The mantra in the world of night vision technology has always been to reduce the size and weight and power consumption of the devices worn in the field.
Researchers are making inroads solving those problems and more, as they not only make goggles, gun sights and monoculars lighter, but work to improve the users’ visual range.
“We think size, weight and power will always be on the roadmap as to where night vision is going but where we really start to see benefits creep in is when we mirror human biology as closely as possible,” said Aaron Cole, a scientist at the Naval Surface Warfare Center’s Crane Division in Indiana.
Cole began with an idea in 2008 to double the standard military night vision goggle’s field of view from 40 degrees to 80 degrees, which is much closer to what humans see. The goal was to reduce the so-called “soda straw” views seen in current devices.

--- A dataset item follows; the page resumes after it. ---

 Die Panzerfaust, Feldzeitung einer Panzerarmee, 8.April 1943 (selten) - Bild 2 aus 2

“With the narrow 40-degree soda straw view, you really have to move your head left and right. You have no depth perception. You can’t do basic things like stick a hypodermic needle in your buddy’s arm, cut a wire if you’re trying to disarm a bomb or notice basic things like a change in elevation when you’re running around,” said Cole in an interview.
It’s not only about seeing more, he explained. Humans rely on secondary cues in order to determine where they are in space. And these secondary cues come from the periphery of one’s vision. Looking straight ahead, everything is in focus. But a hand grasping a tool coming from the blurrier side view, either right or left, helps the brain to guide it.

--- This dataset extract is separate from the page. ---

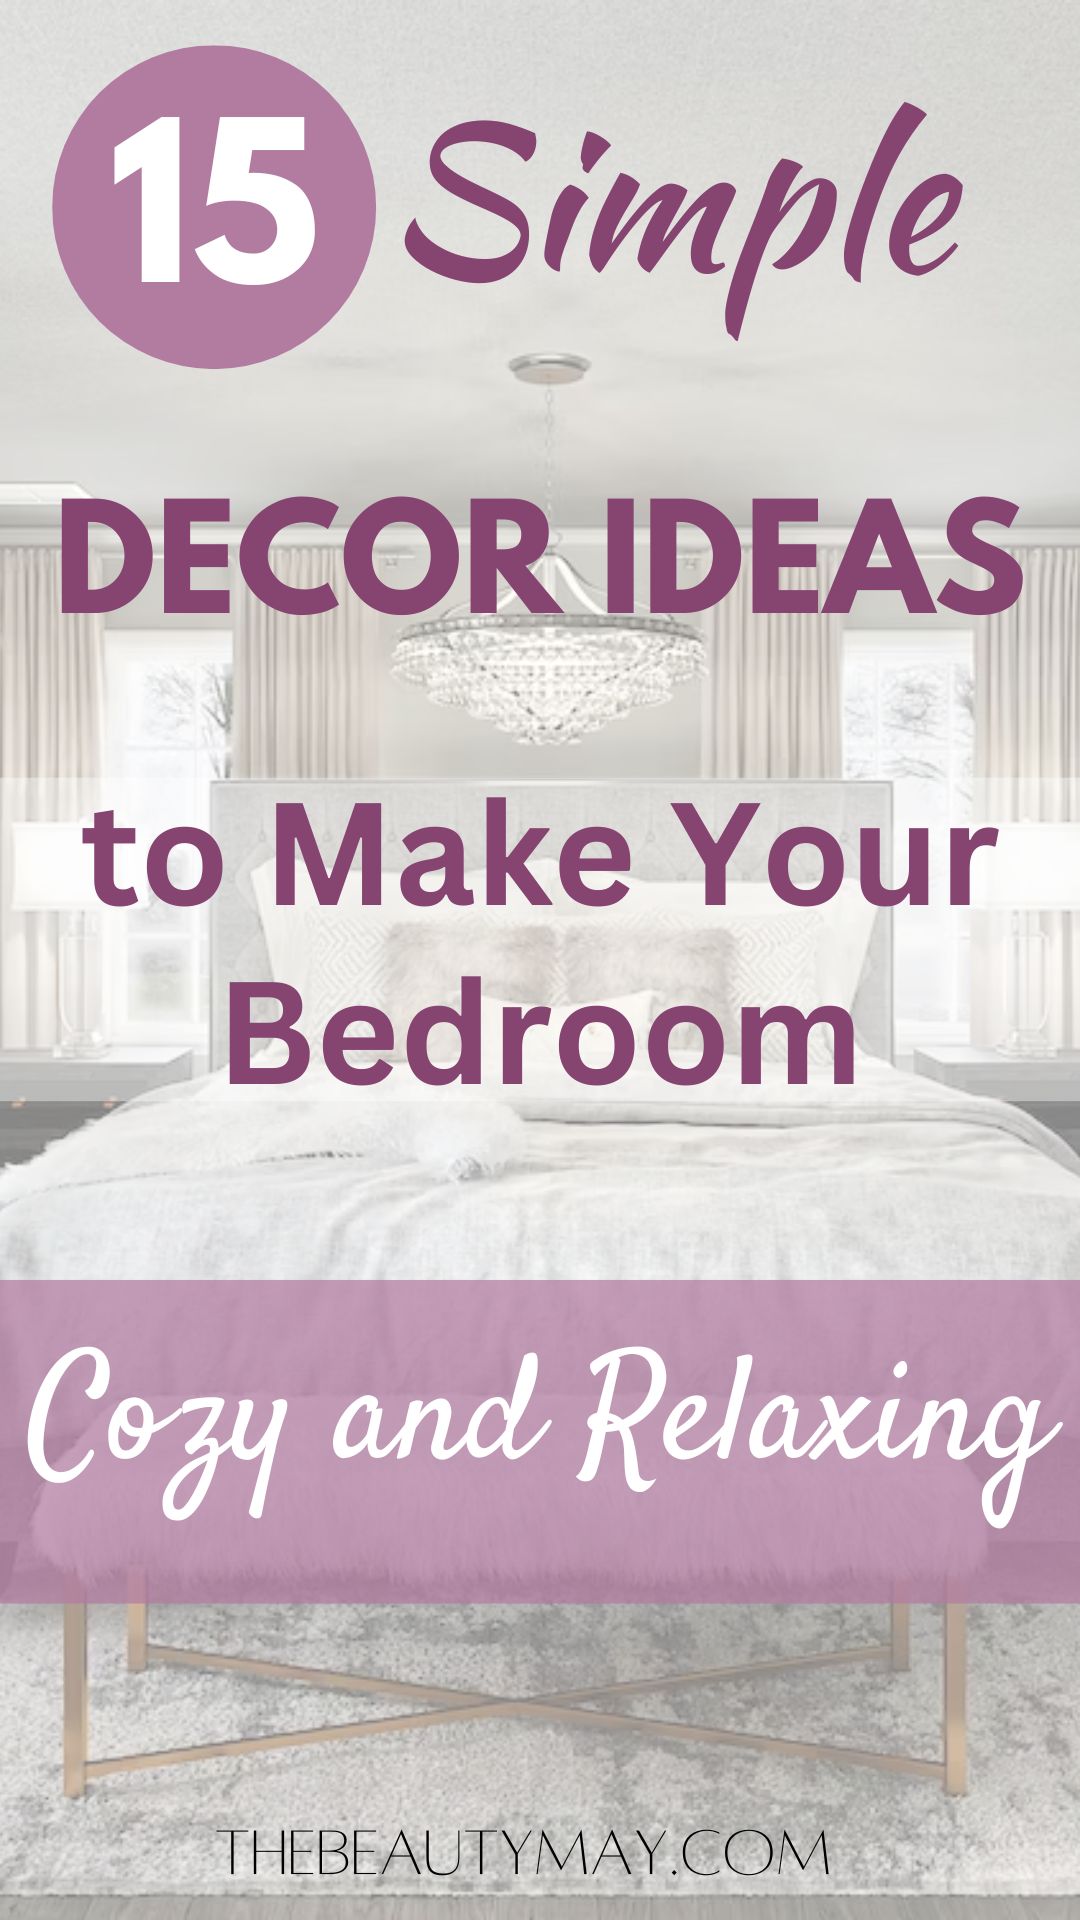 Make Your Bedroom cozy relaxing

“What we really wanted to do was copy the human eye as best as possible to give the user the most familiar reference point when using a night vision goggle,” he said.

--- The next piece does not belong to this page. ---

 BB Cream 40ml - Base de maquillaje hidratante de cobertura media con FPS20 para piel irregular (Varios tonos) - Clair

Crane took Cole’s idea and set him up with Kent Electronics Corp. of Sugar Land, Texas, which won a small business innovation research contract to help flesh out the idea. Together, they took the idea from a technology readiness level 1 to TRL 9 in six years, meaning the new “wide field of view night vision goggle” is now ready to be fielded in large quantities.
The “secret sauce” that Cole came up with to earn him a co-patent on the technology was curving the image a certain way as it entered the image tube and curving it again as it leaves.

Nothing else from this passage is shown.